This directory generates G-G networks by applying clustering to the correlation matrix, generated by comparing the correlation between pairs of gene expression profiles. In other words these networks represent the co-expression of P. aeruginosa genes using PAO1 and PA14 compendia.
1_correlation_analysis.ipynb performs correlation analysis to compare the similarity between genes. A previous study, found that KEGG (a database that containes genes or proteins annotated with specific biological processes as reported in the literature) is bias in some biological processes represented. Figure 1C demonstrates that a large fraction of gene pairs are ribosomal relationships - in the top 0.1% most co-expressed genes, 99% belong to the ribosome pathway. Furthermore, protein function prediction based on co-expression drop dramatically after removing the ribisome pathway (Figure 1A, B). This finding is consistent with our observation when we calculate the correlation of the raw gene expression data. We found one large highly correlated module that is likely dirven by genes related to a single biological process.
Challenge: This very dominant global signal can mask more specific signals in the data.
In order to correct for this dominant signal, we applied multiple corrections. The first method uses SPELL, which calculates the correlation on the gene coefficient matrix (i.e. how much genes contribute to a latent variable) that is generated after applying SVD. This matrix represents how genes contribute to independent latent variables that capture the signal in the data where the variance of the variables is 1. The idea is that correlations between gene contributions are more balanced so that less prominent patterns are amplified and more dominant patterns are dampended due to this compression. Figure 3 shows how well SPELL recapitulates biology (i.e. the relationship between genes within a GO term) compared to Pearson correlation.
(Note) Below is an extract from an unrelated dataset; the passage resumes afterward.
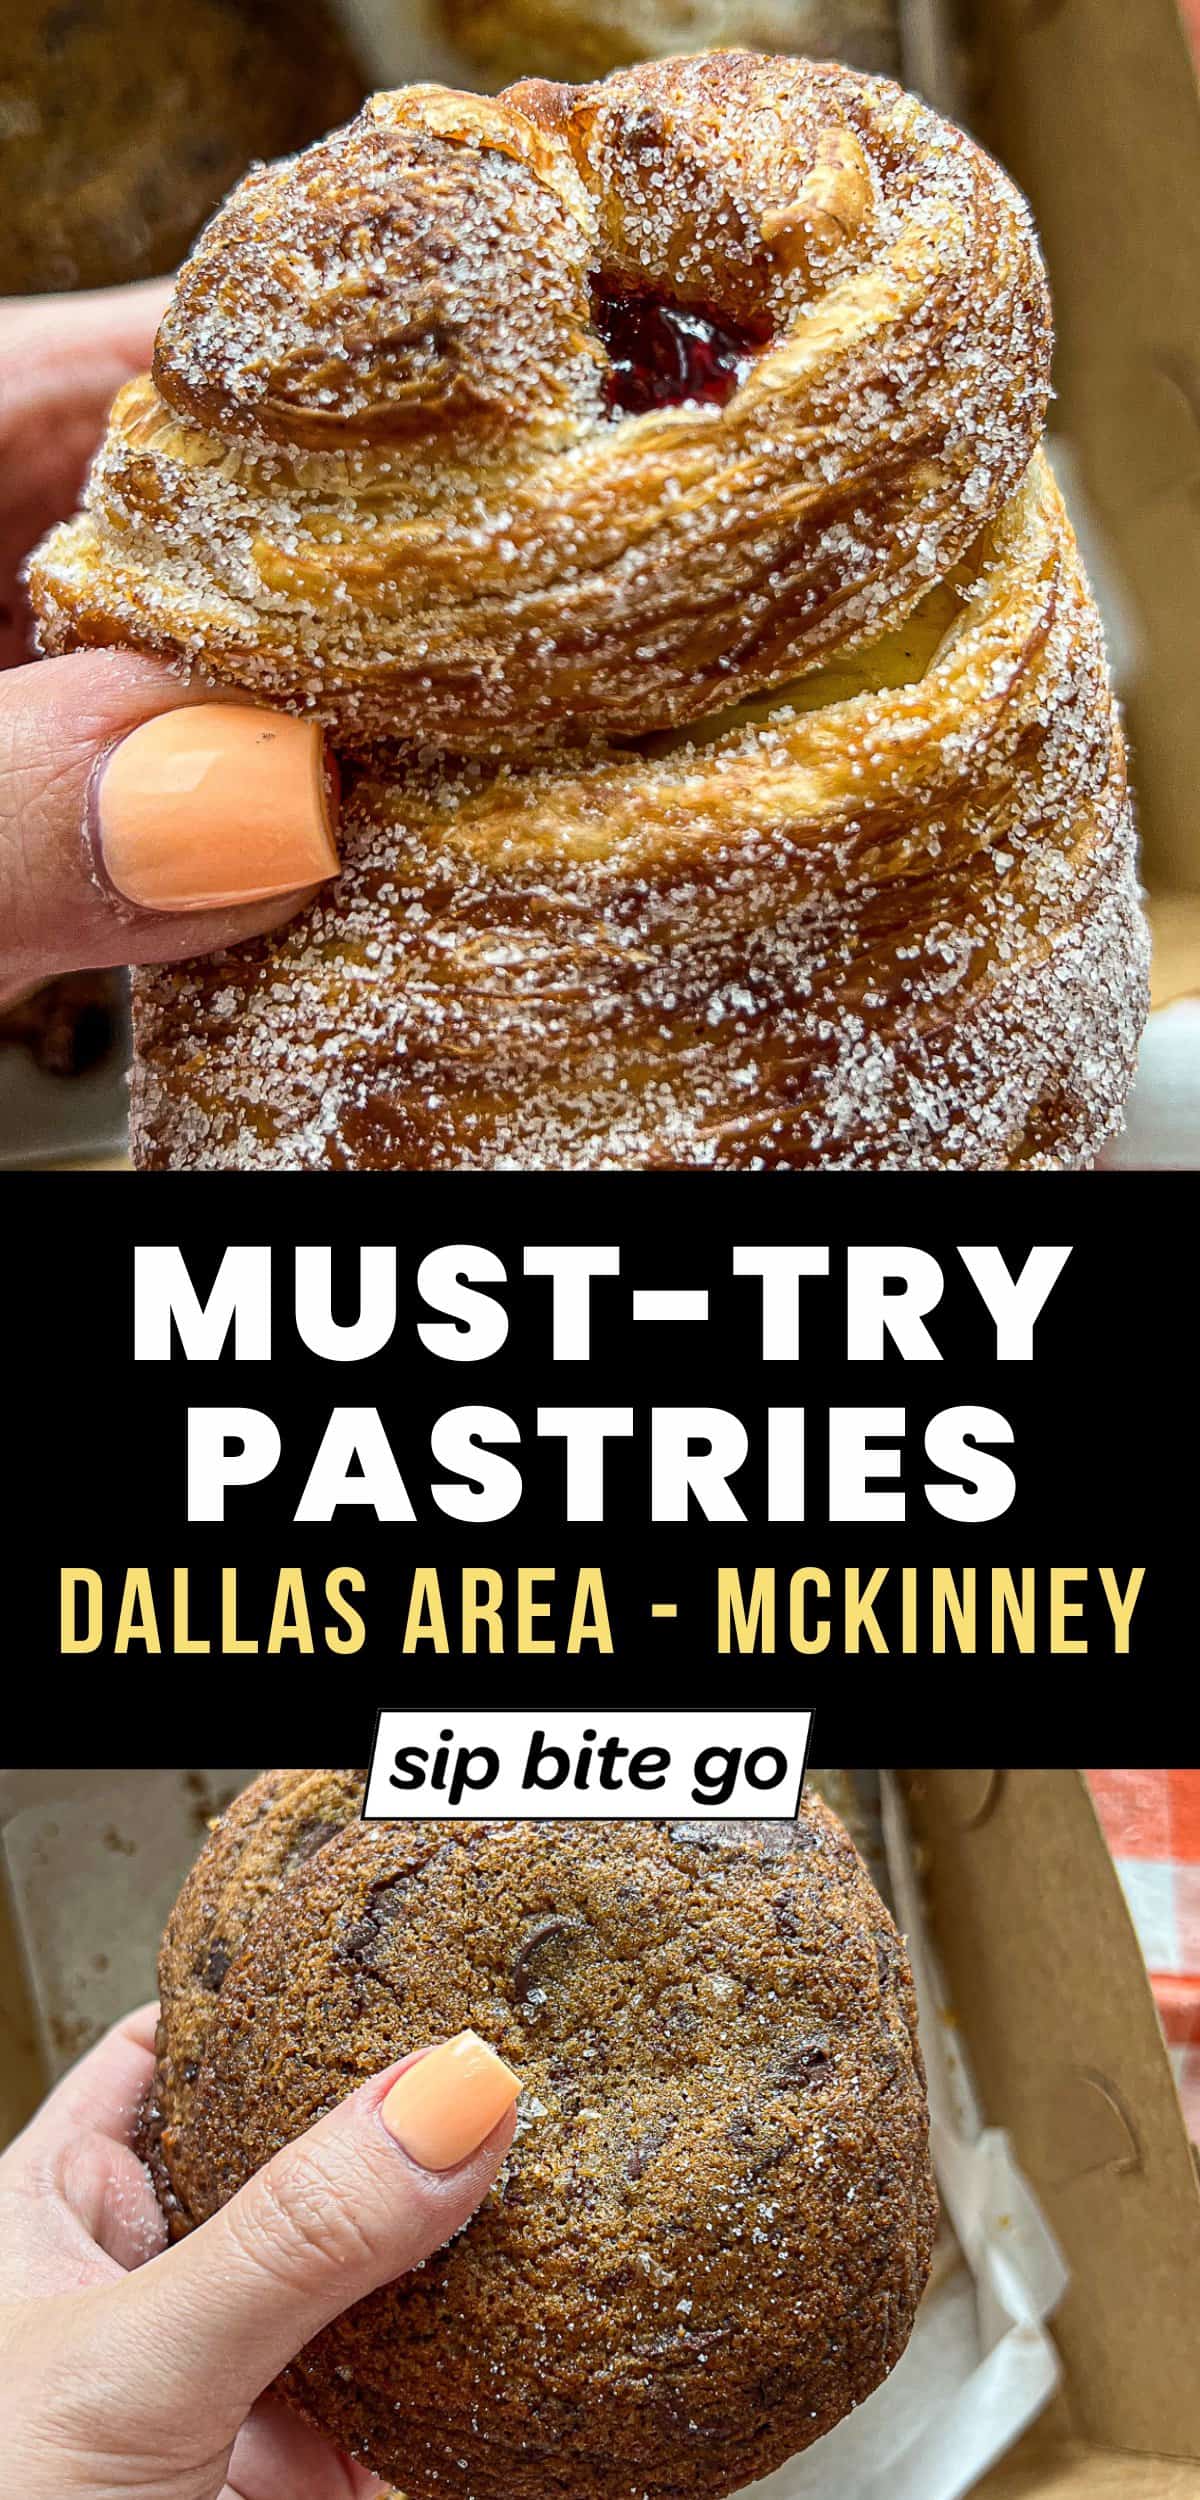 Holding Pastries in McKinney Texas with text overlay and Sip Bite Go logo

Overall, this notebook calculates and visualizes the correlation matrix that will be used to cluster the data into modules. These visualizations will be used to inform the clustering approach used in the next notebook.
Note: Exploration of different correction methods can be found in archive notebooks. Each of these notebooks can be run independently.
2_clustering.ipynb Applies clustering methods to identify gene modules based on the correlation matrices.
3_module_validation.ipynb Validates generated modules.